Hillary Rodham Clinton's e-mails give insight into the former secretary of state's office. But the first batch of messages released did not appear to support accusations made against the presidential hopeful.

https://p.dw.com/p/1FVIh
Hillary Clinton mit Handy
Image: Reuters/K. Lamarque

E-mails show that Clinton's aides had fretted over how the media and members of the Republican Party would portray her after a 2012 attack in Benghazi that killed the US ambassador to Libya and three other Americans. In March, it emerged that Clinton used a private account as secretary of state from 2009 to 2013, though the 2016 Democratic frontrunner said the server had "numerous safeguards."

The State Department released 296 e-mails totaling 900 pages and covering January 2011 to December 2012 on Friday The e-mails deal with Libya and the September 11, 2012, attacks on a US diplomatic compound and CIA base in Benghazi.

The official description of the attackers' motivation has become important as Republicans have attempted to make political hay following the assault. The messages didn't appear to support nearly three years of accusations that the former senator and first lady had downplayed terrorism - nor indicate that Clinton's decisions resulted in weak security, as Republicans have alleged.

"I'll be nursing my cracked head and cheering you on as you 'remain calm and carry on,'" she wrote Deputy Secretary of State Tom Nides, who attended the hearings after she fell in 2012. "What doesn't kill you, makes you stronger (as I have rationalized for years) so just survive and you'll have triumphed."

Thousands to come

When the attack occurred, US President Barack Obama was battling Mitt Romney for re-election. His administration initially called the assaults a protest against an anti-Islam film posted on the Internet.
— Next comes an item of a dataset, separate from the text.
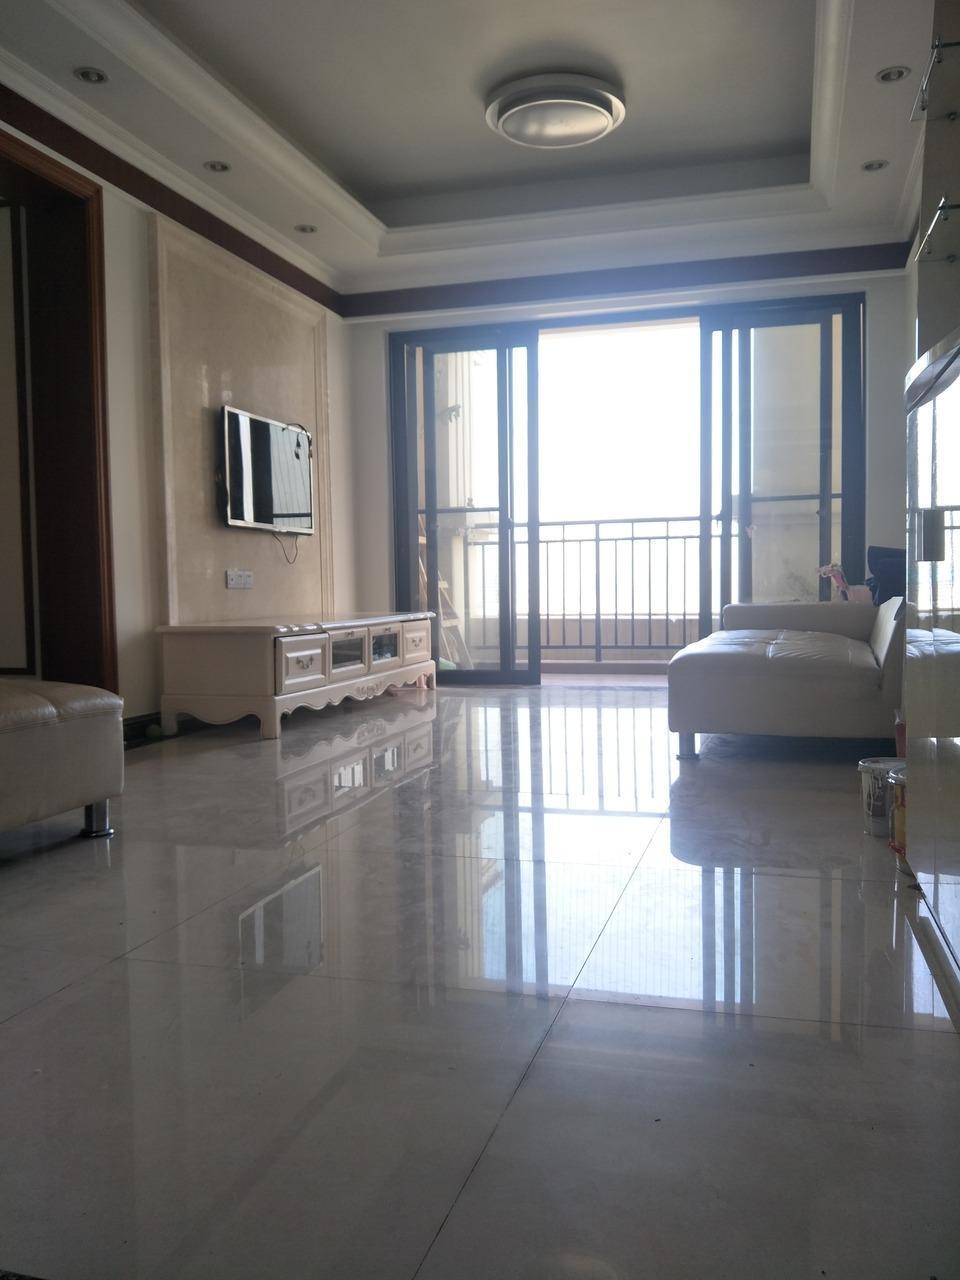 锦绣香江山水华府二期 南北对流 过2年 业主急/售 看房方便

Republicans quickly criticized Susan Rice, the US ambassador to the United Nations at the time, for repeating the claim on Sunday TV political talk shows after new intelligence indicated that terror groups had plotted the attacks. Various congressional probes into Benghazi launched by Republican have produced little damaging evidence to administration officials.

A judge ordered the State Department to release e-mails in batches rather than all next year, as the agency had initially proposed. The other approximately 44,700 emails will be released over the next several months. Clinton or her aides have deleted another 30,000 e-mails termed as personal from the same private account, causing Republicans in Congress to accuse her of picking and choosing what she wants to make public.